The list of traditional villages in Henan Province is derived from the six batches of the Chinese Traditional Village Lists published by the Ministry of Housing and Urban-Rural Development, totaling 8115 villages, including 275 in Henan. In this study, national 30 m resolution digital elevation data were sourced from the Geospatial Data Cloud (www.gscloud.cn). Data on GDP, population, temperature, precipitation, and sunshine were obtained from the Henan Statistical Yearbook. Road and water system vector data are from the 1:250,000 National Basic Geographic Database via the National Geographic Information Resource Directory Service System. Academy density was calculated by dividing the historical total number of academies in each prefecture-level city by the local administrative area (unit: academies per square kilometer), using data from the Chinese Academy Dictionary (1996 edition). Academies, significant educational institutions in traditional Chinese society, served to educate in Confucian classics, cultivate local talent, and preserve culture, with their numbers and development reflecting regional cultural and educational progress [17]. The count of protected units is from the eight batches of National Key Cultural Protection Units announced by the State Council. Backbone distance data were determined by calculating the average spherical distance to Beijing, Hangzhou, and Shenzhen.

GeoDetector requires input data to have a regular spatial unit structure. However, administrative boundaries such as prefecture-level cities exhibit significant differences in area and shape. Direct use of such boundaries will introduce scale effect bias, affecting the accuracy of statistical inference. In this study, the fishnet tool in ArcGIS 10.8 software was used to split the areal data of prefecture-level cities into 10 km × 10 km grids. For grids in the overlapping areas of multiple prefecture-level cities, the indicator values were calculated by weighting the area proportion of each prefecture-level city within the grid.

2.3. Research Methods

2.3.1. Kernel Density Estimation

KDE is a commonly employed non-parametric statistical technique in probability theory and statistics for estimating the probability density function (PDF) of a random variable. KDE utilizes data sample points and calculates the PDF estimate by applying a kernel function and bandwidth parameter to weight and sum these points. Unlike traditional parametric statistical methods, KDE does not assume a specific data distribution, offering strong applicability and flexibility.
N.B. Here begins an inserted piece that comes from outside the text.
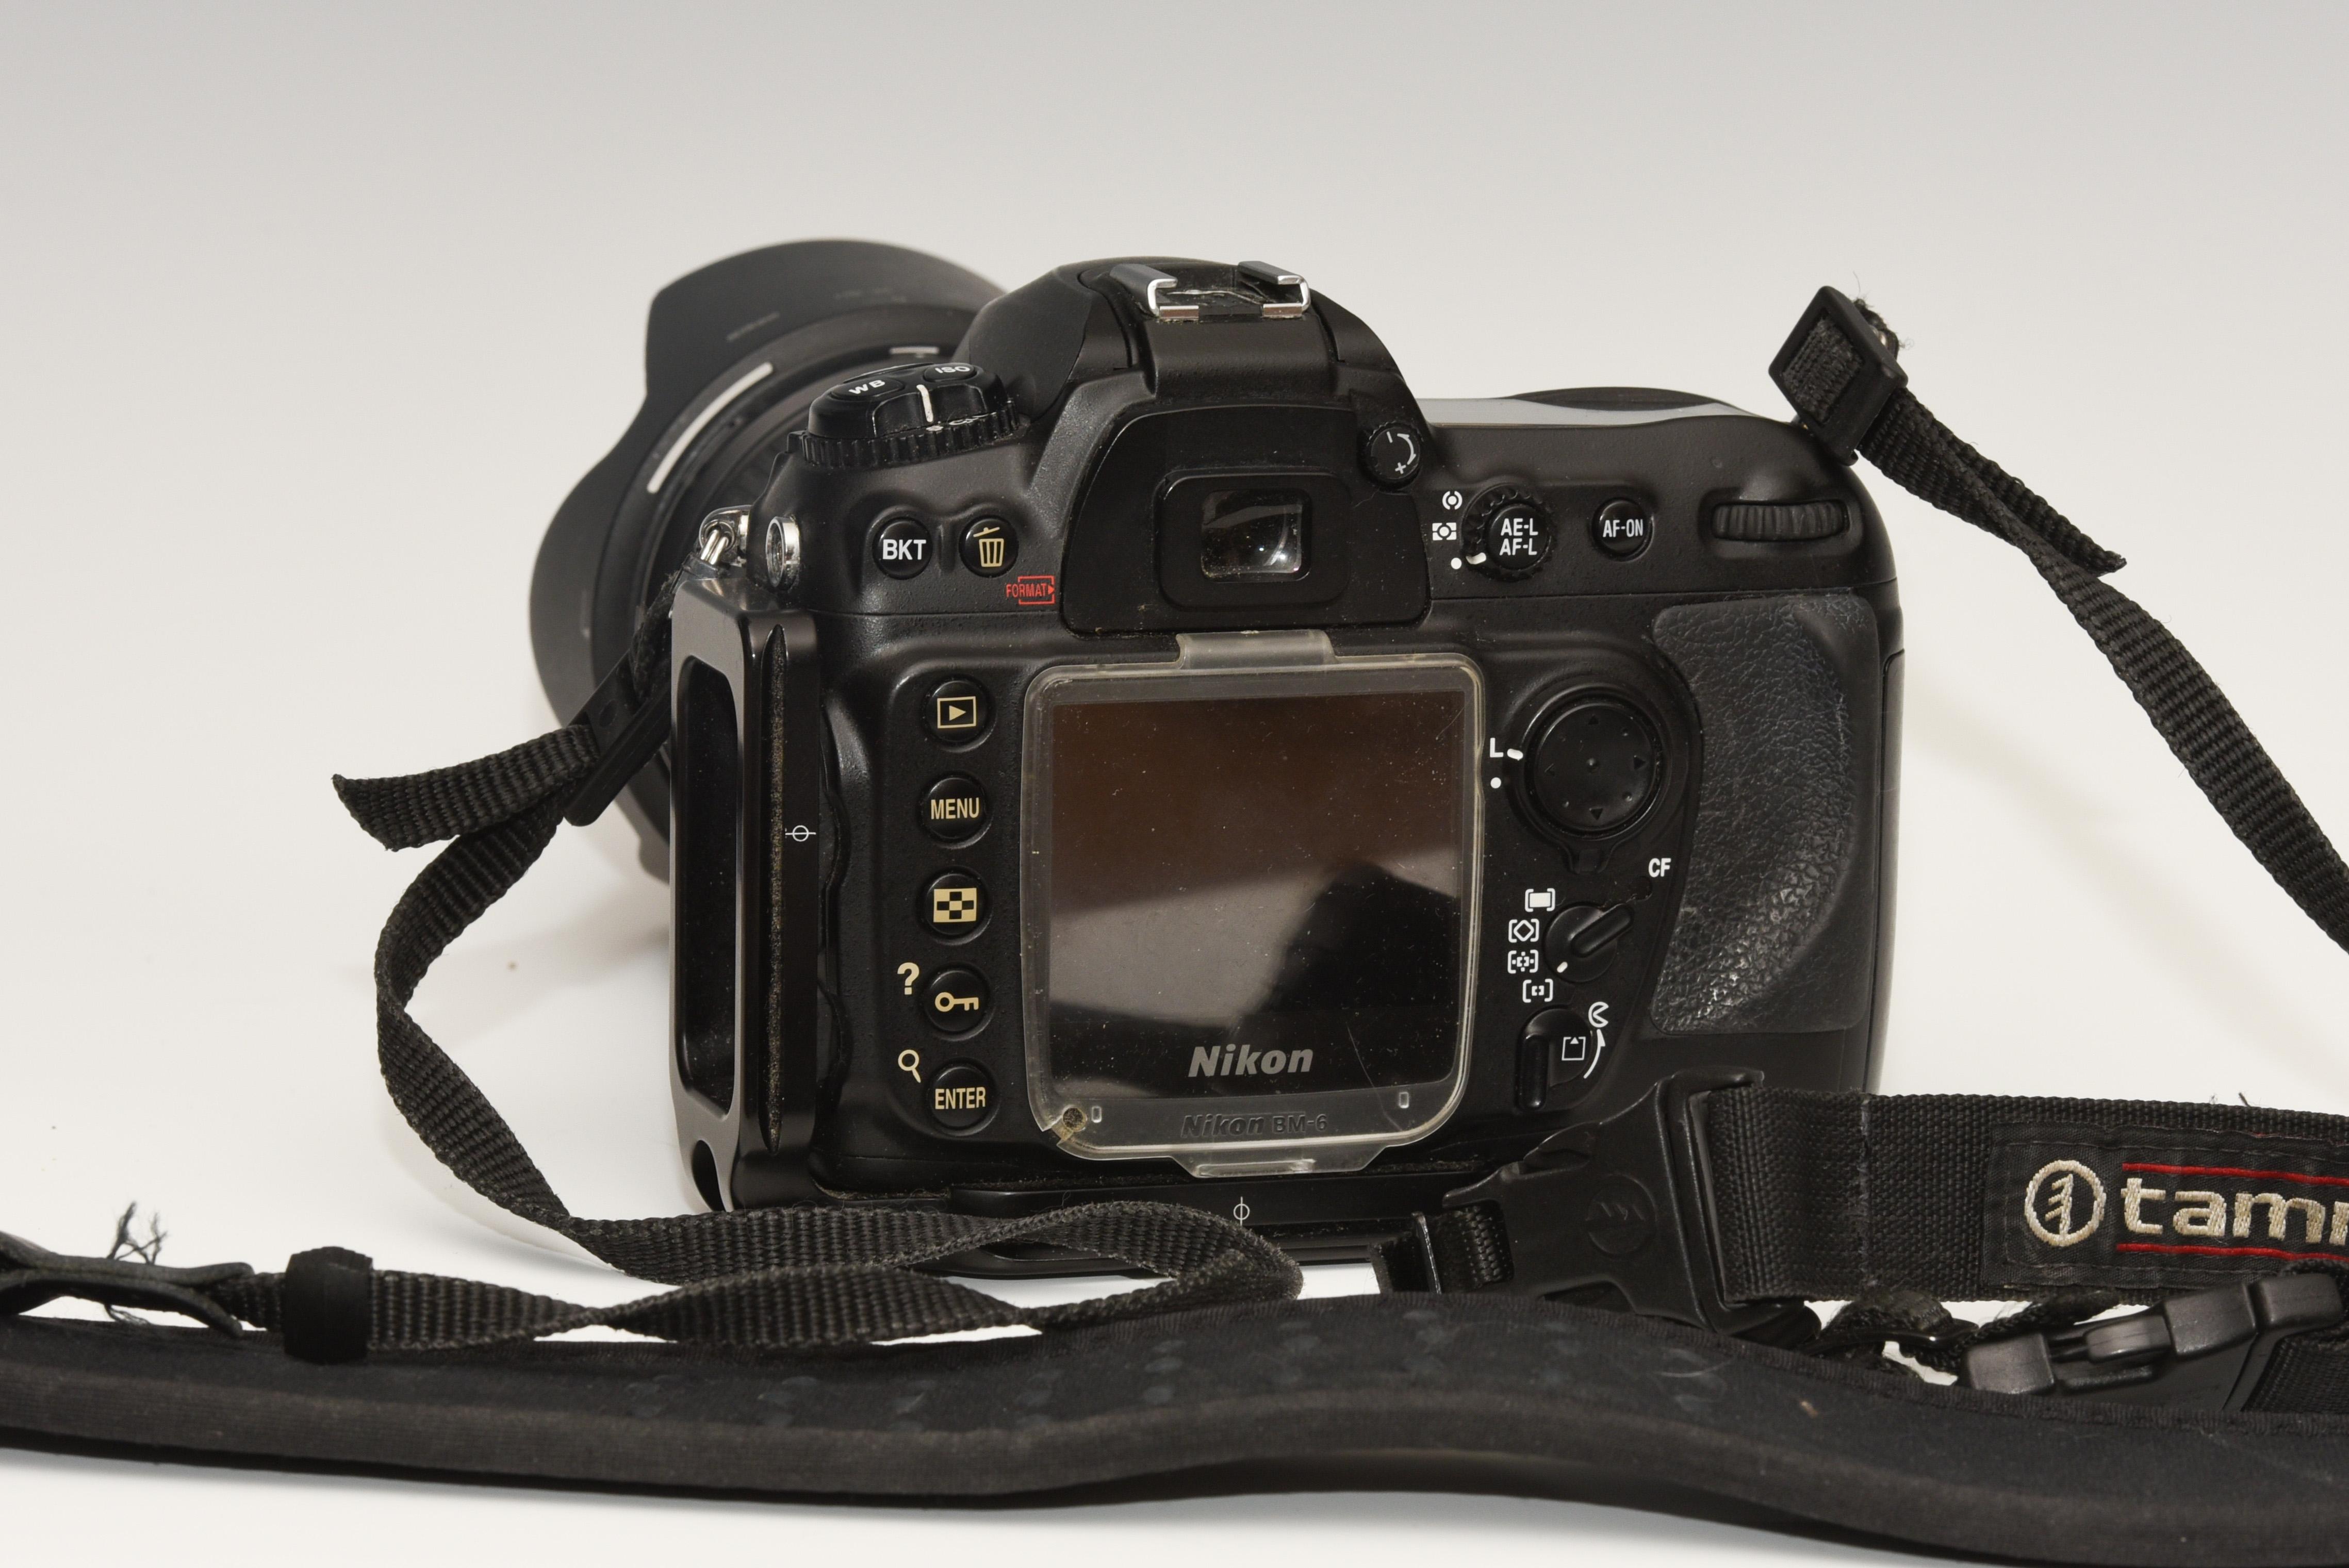 Nikon D200 Back View

In spatial research, it helps reveal the distribution characteristics of traditional villages and identify high-density areas, and it provides a quantitative basis for analyzing their spatial structure, distribution patterns, and influencing factors [18]. The formula is as follows:

$$D\left(x_i,y_i\right)={\displaystyle \frac{1}{ur}}\sum _{i=1}^{u}k\left({\displaystyle \frac{d}{r}}\right)$$

(1)

In this formula, $(x_i,y_i)$ represents the spatial location of a traditional village, $D$ is the kernel density at that location, $r$ is the bandwidth (or smoothing parameter), $u$ counts the number of points within a radius r of the point $(x_i,y_i)$, $k$ is the spatial weight function, and $d$ is the distance from the current feature point to $(x_i,y_i)$.

2.3.2. Optimal Parameter GeoDetector

The Optimal Parameter GeoDetector is a robust tool for geospatial data analysis, improving the accuracy and efficiency of the GeoDetector in identifying spatial differentiation and uncovering driving factors through optimal parameter selection. When an independent variable significantly influences a dependent variable, their spatial distributions should exhibit similarity. Based on this concept, the Optimal Parameter GeoDetector calculates q-values under various classification methods and breakpoint numbers, selecting the parameter combination with the highest q-value for spatial discretization. This approach detects spatial stratified heterogeneity and the explanatory power of influencing factors on spatial differentiation [17]. Applying the Optimal Parameter GeoDetector method to analyze traditional villages in Henan Province allowed us to effectively identify and quantify the dominant factors affecting their spatial distribution differences, along with the spatial explanatory power of those factors.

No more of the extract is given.